FEASIBILITY OF ERADICATING THE DISEASE FROM THE US
Level: Difficult and uncertain: Extremely difficult and with uncertain success rate, few global examples of success even at farm level
JEV is not currently present in the United States, but if introduced, eradication would face severe challenges. The virus is maintained in transmission cycles involving Culex mosquitoes and wildlife hosts (ardeid birds, potentially bats) that cannot be eliminated through standard livestock disease control measures. Feral pig populations across the southern US could serve as amplifying hosts. Multiple competent Culex vector species are present throughout the continental US. The 2022 Australian experience demonstrated that JEV can circulate silently for extended periods before detection, potentially establishing in wildlife and vector populations before recognition.

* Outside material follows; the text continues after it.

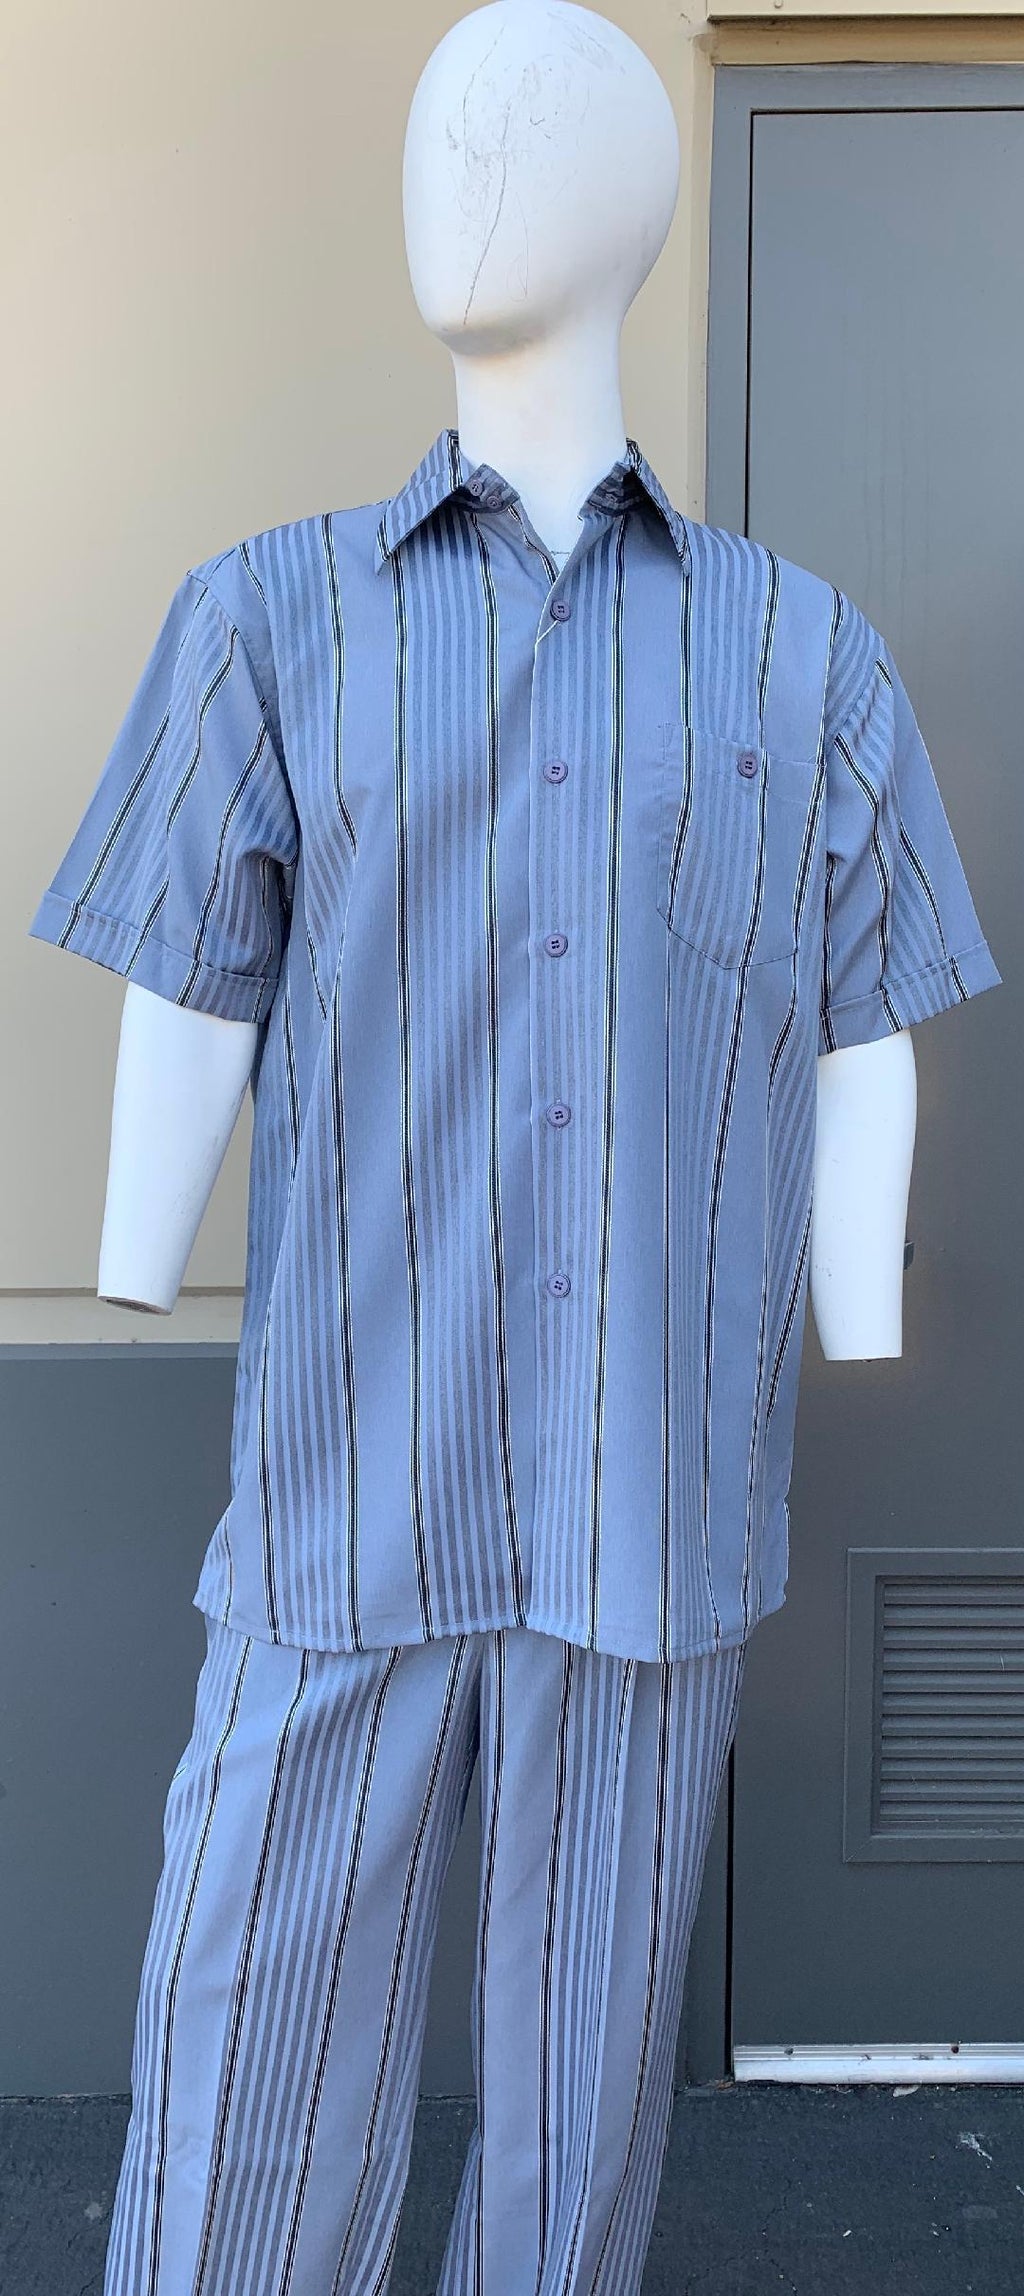 Lemongrass Stripes Short Sleeve 2pc Walking Suit Set - Sky Blue
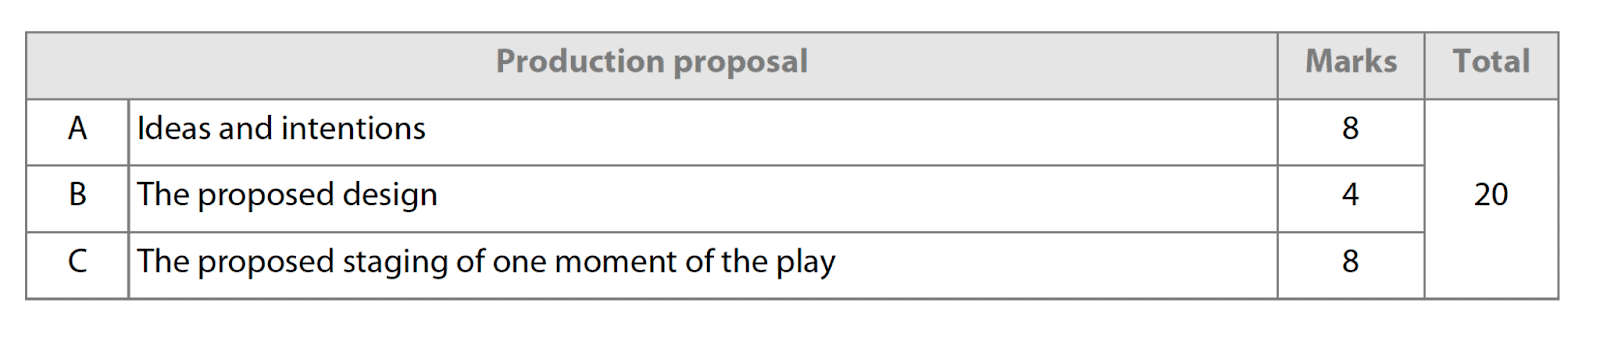 production proposal

Eradication would require sustained, coordinated mosquito control across vast geographic areas—technically challenging and resource-intensive. Vaccination of domestic pigs could reduce amplification but would not eliminate wildlife-vector cycles. Historical precedent from endemic Asian countries shows JEV becomes permanently established once introduced into suitable ecological settings. Prevention of introduction through surveillance and biosecurity is far more feasible than post-introduction eradication.